抗生物質の適正使用、安定供給は「厚労省の政策課題」でもある!!

 みなさん、お元気ですか?今週は、そぼ降る雨でスタート。といって明日は、またすごく暑くなるらしい。気温、湿度の変動激しきこの季節、お体にお気を付けください。

 さて、ここに来て、なお後発医薬品の出荷調整(一部医療機関への供給停止)が問題になっています。使用促進で現場ニーズが急増、後発メーカーの製造が追いつかないというケースが多いようです。しかし、ペニシリン系配合注射剤スルバクタム/アンピシリンの出荷調整は、ちょっと違う側面もあり、極めて深刻です【RISFAX18年6月8日号参照】。後発品のみならず先発品も不足しているからです。後発品は6社近く出していたんですが、昨年秋以降、次々に供給停止に。。。近くMeijiSeikaファルマだけになる見通しです。しかし、同社の工場もすでにフル稼働で、現場ニーズに間に合わない。後発品に市場を食われ、そろそろ撤退かと見られた先発品ユナシン(ファイザー)も増産しなければならないでしょう。ユナシンはG1品目(すでに80%以上後発品にシェアを奪われている長期収載品=メーカーの意思で撤退が認められる)なので、ファイザーは、やめようとしていたかもしれません。が、「やめたいです」なんて、言い出せる状況ではなくなってしまいました。

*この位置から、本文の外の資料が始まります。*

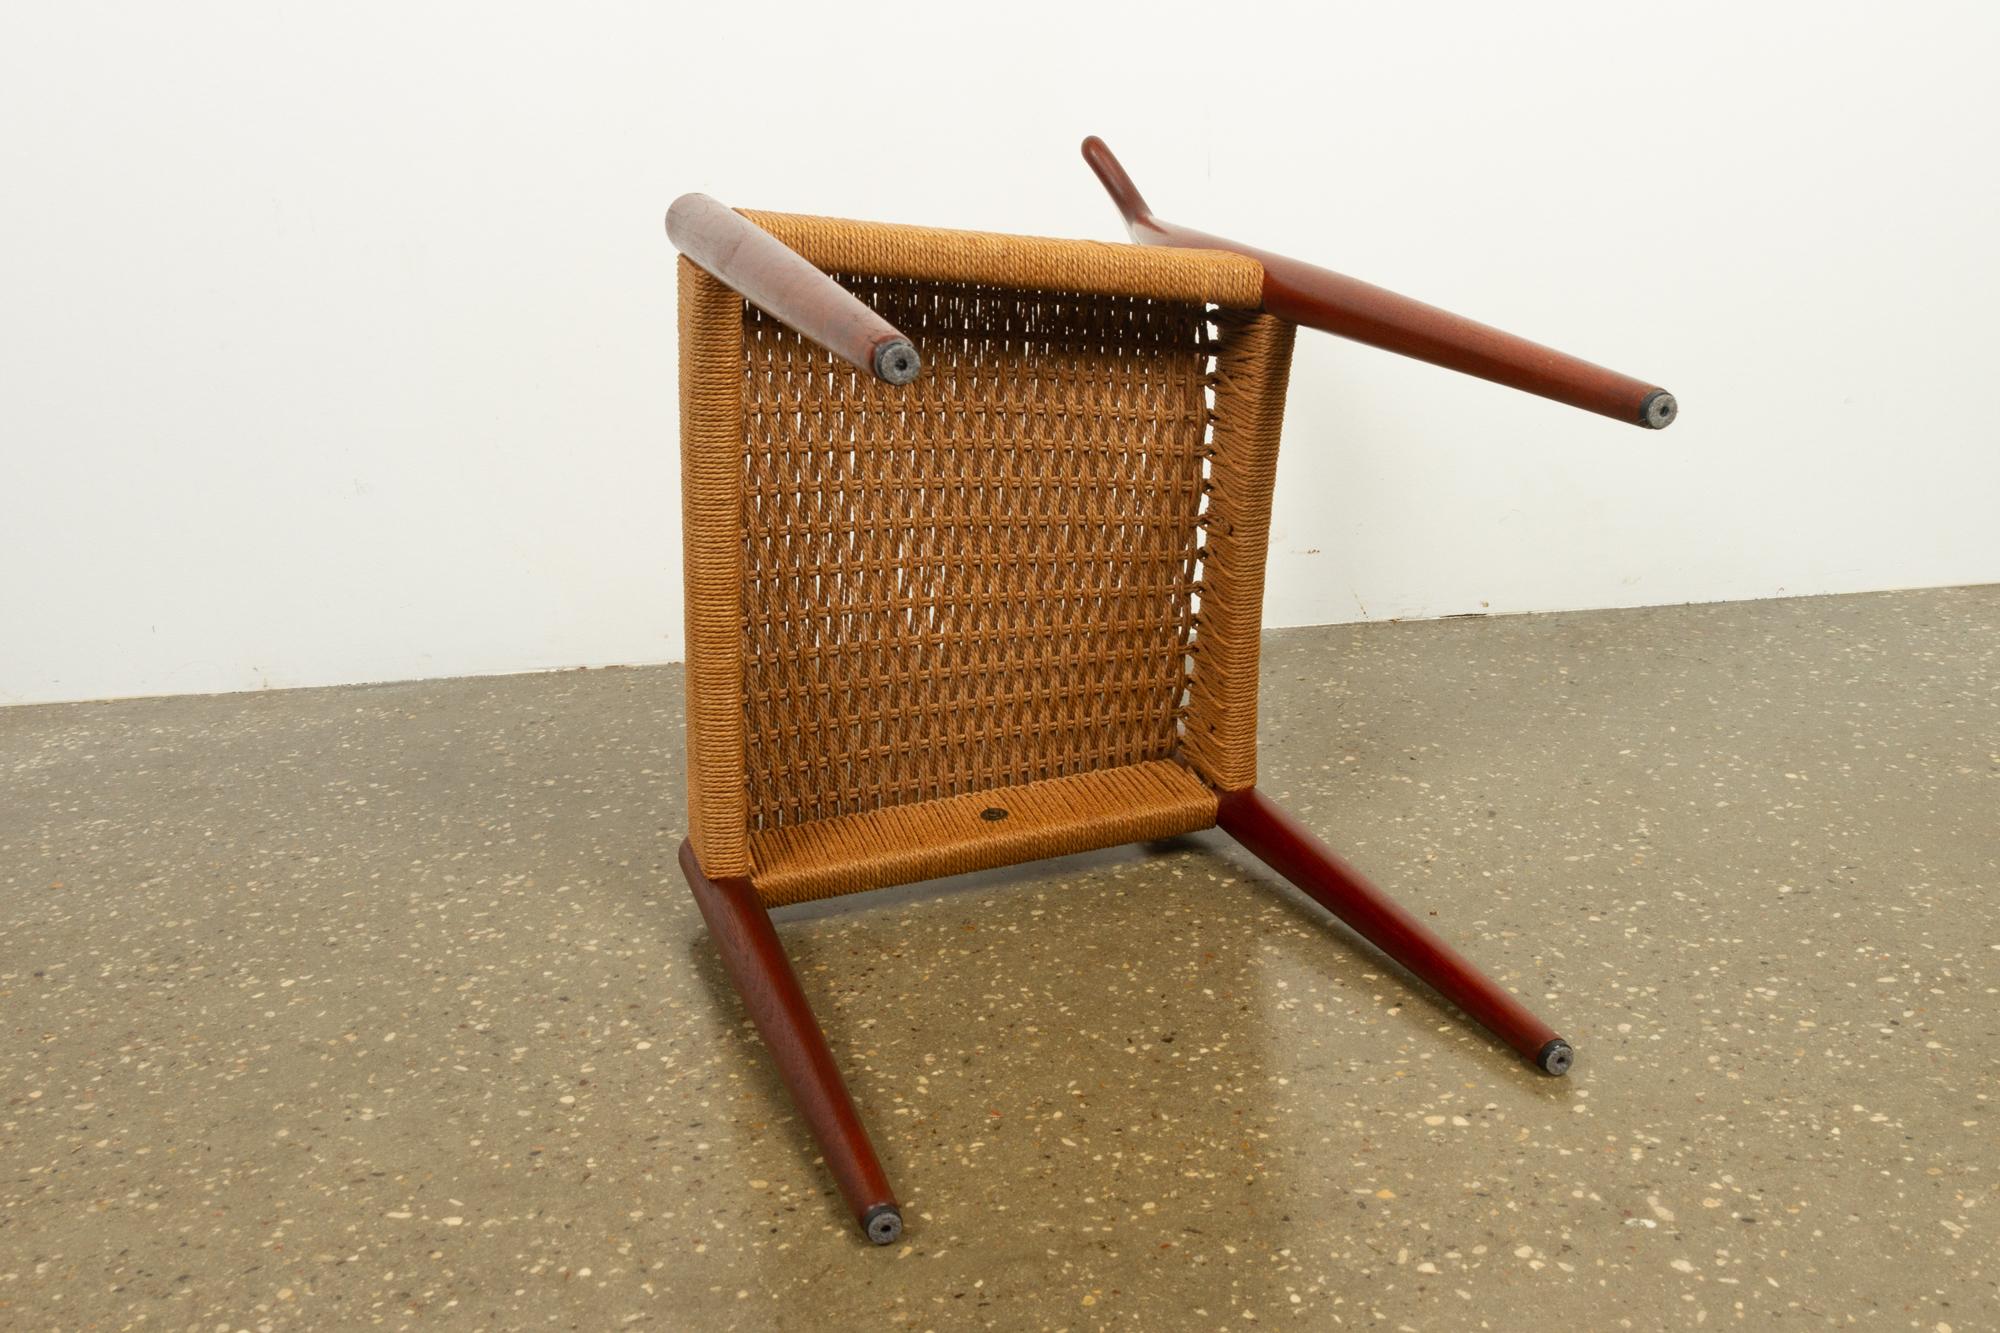 Vintage Danish Teak Chair by Arne Hovmand-Olsen for Mogens Kold, 1950s 5

 後発品が出荷調整に陥った責任は、一義的にメーカーにあるのは確かです。しかし、スルバクタム/アンピシリンの場合、現場ニーズが急増した背景には、使用促進策ではなく、薬剤耐性(AMR)対策があります。抗生物質の不適切な使用で、AMRが世界的に問題となり、各国政府が対策に乗り出しました。日本でも厚労省がアクションプランを作成、学会も新たな使用ガイドラインを作り、スルバクタム/アンピシリンを肺炎(入院)第1選択薬にしたのです。AMRのアクションプランには、厚労省の取り組むべき課題として「抗生物質の使用量の継続的な監視」が明記されています。スルバクタム/アンピシリン後発品の供給停止は昨年秋頃から、現在まで段階的に起こった現象です。ある程度、時間があったわけです。厚労省は、こんなにひどい状況に現場が追い込まれるまで何も手を打たなかったのでしょうか?例えば、メーカーから原因や供給再開の目処を聴取するとか、他のメーカーに、増産を打診するとか。やっていたのでしょうか?今回のケースは、通常の供給調整とは違います。厚労省も「メーカーは怪しからん!!!早く何とかしろ!!」と言っているだけでは済まないです。

 写真は先ごろ開かれた日本ジェネリック製薬協会(GE薬協)の懇談会で。右から日本製薬団体連合会の手代木功会長、GE薬協の澤井光郎会長、吉田逸郎前会長(現副会長)。それではみなさん、素敵な一週間をお過ごしください。